30 italienische Militärinternierte in der Sternwoll-Spinnerei als Zwangsarbeiter eingesetzt

Von September 1944 bis Mai 1945 wurden 30 italienische Militärinternierte in der Sternwoll-Spinnerei eingesetzt. Dies ergibt sich aus jetzt gefundenen Schreiben von Titel & Krüger ans Hamburger Gauarbeitsamts. Dieses hatte Ende August 1944 alle Unternehmen angeschrieben, um ihm die bei ihnen Beschäftigten italienischen Militärinternierten zum 1. September 1944 mitzuteilen.

Bisher war man von 26 italienischen Kriegsgefangenen ausgegangen. Aus der Meldekartei und der Mitteilung des Unternehmens ergibt sich die neue Zahl und erstmals auch ihre Namen. Unterlagen aus 1946 führen noch eine höhere Anzahl auf, da vier von ihnen Ende Oktober bzw. November 1944 aus dem Lager „austraten“. Was aus ihnen wurde, ist unklar.

26 von ihnen kamen nach Angaben der Hausmeldekartei aus dem Kriegsgefangenen Stammlager (Stalag) Sandbostel bei Bremervörde.

Wie kam es zu den italienischen Militärinternierten

Die italienischen Soldaten waren ab September 1943 von der deutschen Wehrmacht festgenommen und nach Deutschland deportiert, um sie als Kriegsgefangenen zur Arbeit einzusetzen. Ursprünglich war Italien Verbündeter Deutschland im Krieg. Mit dem Sturz Mussolinis im Juli 1943 änderte sich die strategische Rolle Italiens, die im September 1943 mit den Alliierten erst ein Waffenstillstand-Abkommen abschloss und im Oktober 1943 Deutschland den Krieg erklärte.

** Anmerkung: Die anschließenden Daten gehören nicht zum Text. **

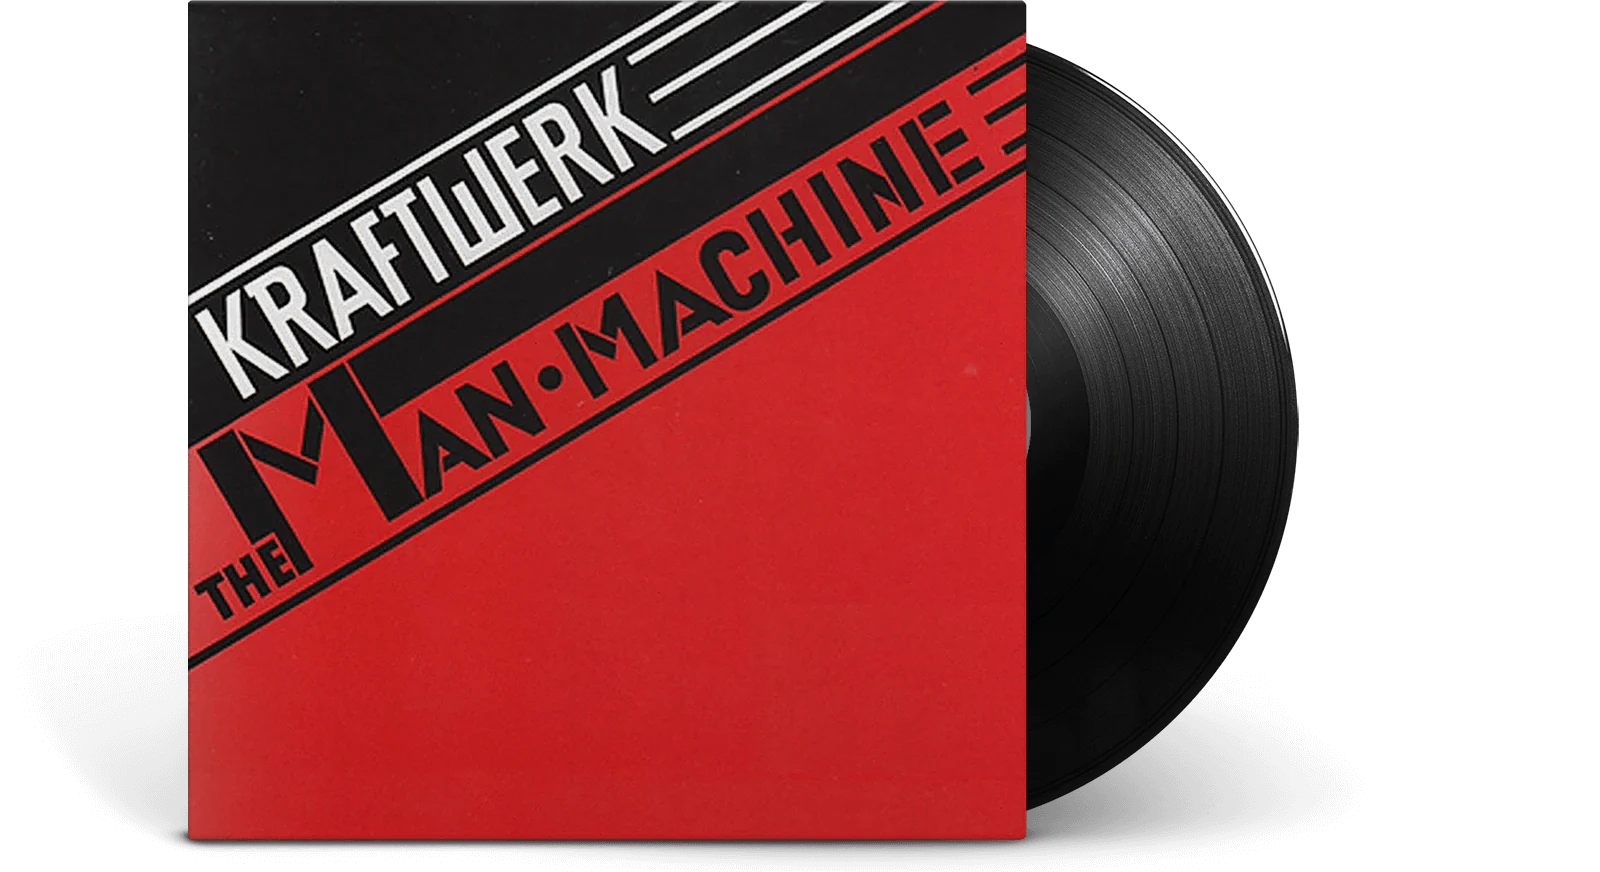 Kraftwerk - The Man Machine LP

Die meisten italienischen Soldaten verweigerten sich dem Übergang in die deutsche Wehrmacht und wurden so zu Kriegsgefangenen. Um sich nicht an die internationalen Regeln zu halten, führte Deutschland den Status der „italienischen Militärinternierten“ ein. Sie wurden als Verräter in Deutschland angesehen und sehr schlecht behandelt.

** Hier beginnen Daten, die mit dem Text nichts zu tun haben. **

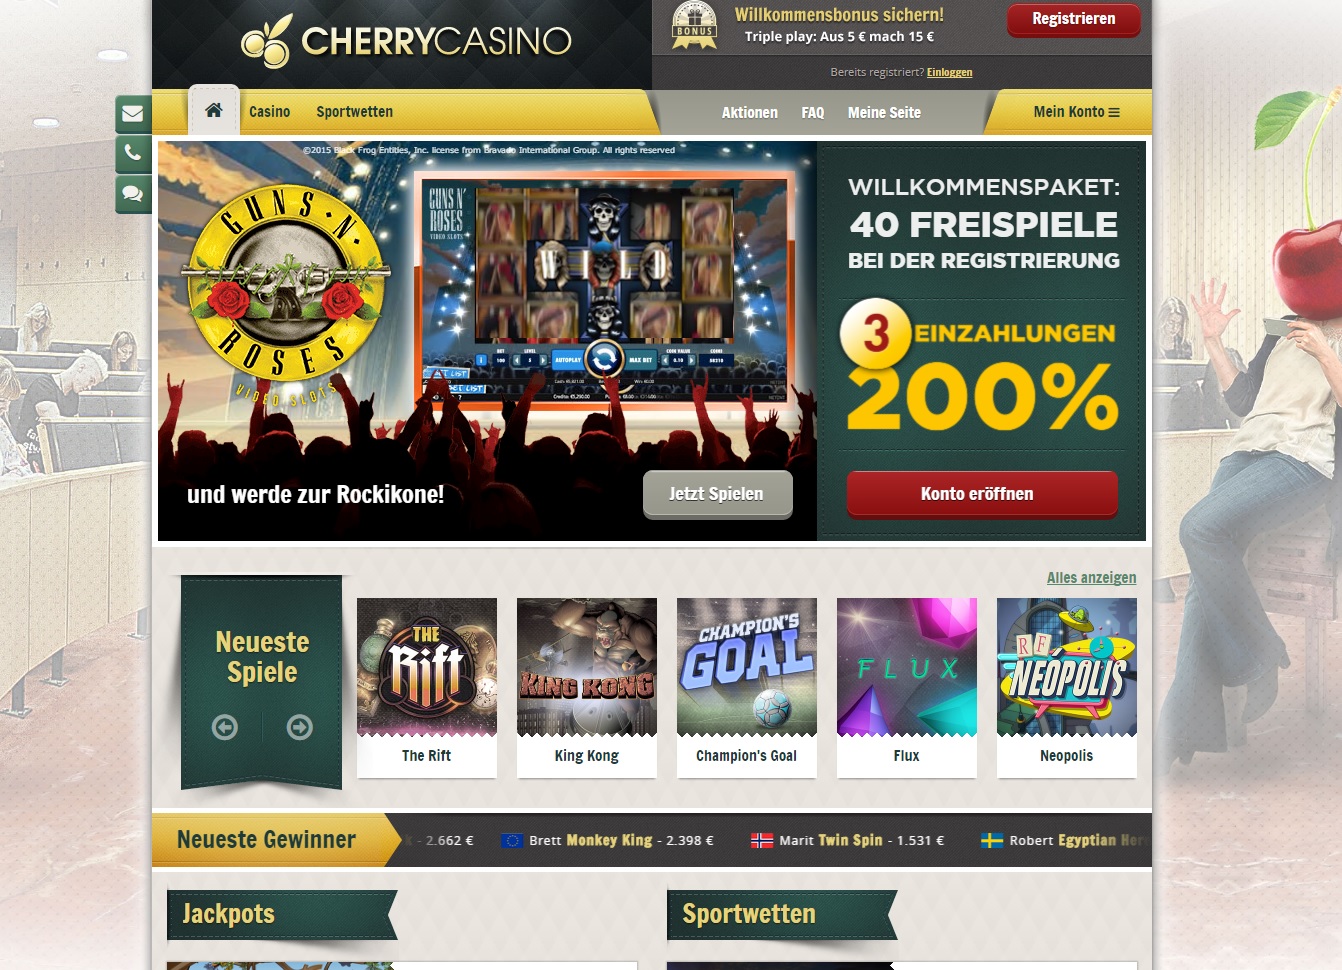  deutsche online casinos mit bonus ohne einzahlung

Von den über 600.000 italienischen Soldaten, die als „Militärinternierten“ in Deutschland waren, starben 50.000. In Hamburg sollten 15.500 von ihnen als Zwangsarbeiter eingesetzt werden. Jüngste Zahlen besagen, dass es 13.500 vermutlich in Hamburg waren. Zu erst wurden sie auf große Lager verteilt, vor allem Schulen, aber auch große Hallen im Hamburger Hafen wie im Dessauer Ufer oder Alter Wandrahm. Von hier erfolgte ihre weitere Verteilung auf andere Zwangsarbeitslager. Bisher wurden über 220 Lager in Hamburg ermittelt, in denen italienische Militärinternierte lebten. Von diesen Lager ging es zu den Arbeitsorten. Die Unternehmen hatten sie angefordert. Hier besagen Unterlagen, das es über 500 Hamburger Unternehmen waren.

Was genau die italienischen Militärinternierten in der Sternwoll-Spinnerei machen mussten, ist bisher nicht bekannt.